Sérgio Godinho: canção Liberdade "é um graffiti em rock"

Início de uma série de entrevistas à volta de músicas sobre a liberdade. Os 50 anos do 25 de Abril são só o mote.

Sérgio Godinho é um dos maiores colossos vivos da música portuguesa e uma referência omnipresente em músicas de magnetismo pela liberdade das últimas cinco décadas e meia. A grandeza dos seus temas mede-se no tempo e na sua intemporalidade, como se estivessem condenadas a serem reavivadas perpetuamente.

Essa permanente renovação ficou novamente evidente no seu atual espetáculo ao vivo, "Liberdade25", com que lotou várias noites nos coliseus de Lisboa e do Porto, em que a mensagem ativista tem um papel relevante. A entrevista foi feita durante os preparativos para este espetáculo.  

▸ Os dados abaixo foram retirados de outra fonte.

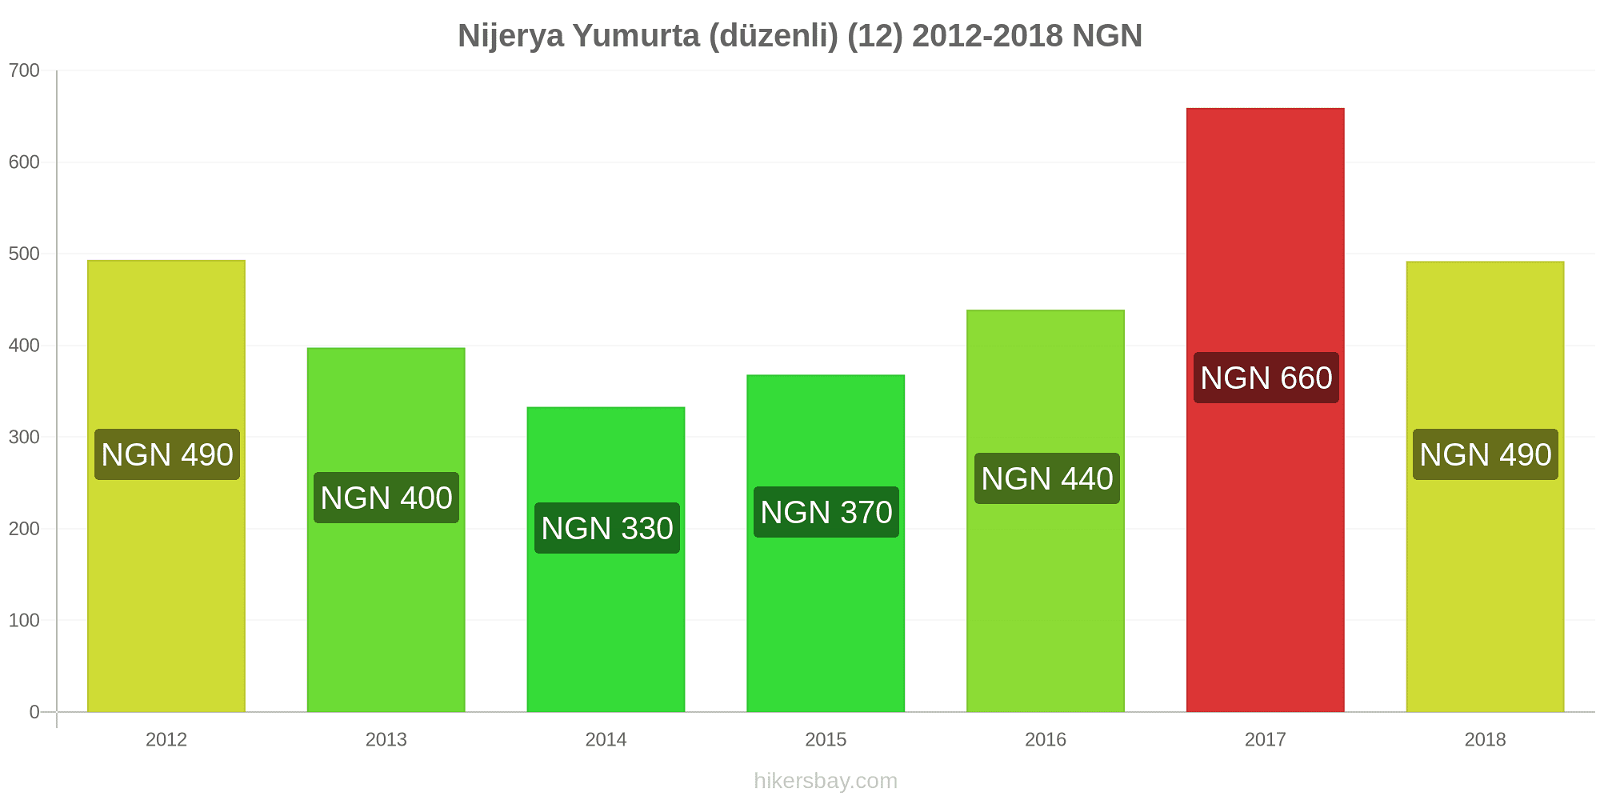 Nijerya fiyat değişiklikleri Yumurta (normal) (12) hikersbay.com

Lembras-te de como surgiu a canção Liberdade na tua cabeça?
Sempre disse que era uma espécie de graffiti em rock. Havia [na altura] muitos slogans mistos. Havia um graffiti de onde tirei a ideia e que me fez refletir. Não é por acaso que a canção se chama 'Liberdade'. Além desses itens [paz, pão, habitação, saúde, educação], o importante da canção é dizer que só há liberdade a sério quando "houver a liberdade de mudar e de decidir", porque muitas vezes não há essa liberdade de mudar, vindo de nós mesmos, ou de circunstâncias superiores. É evidente que na altura do fascismo, a liberdade de mudar estava mais condicionada. Não é por acaso que muita gente como eu foi para fora. Esses conteúdos só fazem sentido se não se tornarem palavras ocas e se corresponderem a qualquer coisa de real e de substantivo. Este país é ainda muito insuficiente nesses itens. 

Entrevista a Sérgio Godinho

Essa música teve um impacto imediato assim que foi publicada?
Nunca foi imediato, imediato. É curioso porque uma canção-emblema como o Primeiro Dia, quanto a interpretei as primeiras vezes, não aconteceu aquele momento de "uau!, está aqui uma canção diferente". As pessoas têm que ter um tempo de digestão. Até é bom que seja assim. 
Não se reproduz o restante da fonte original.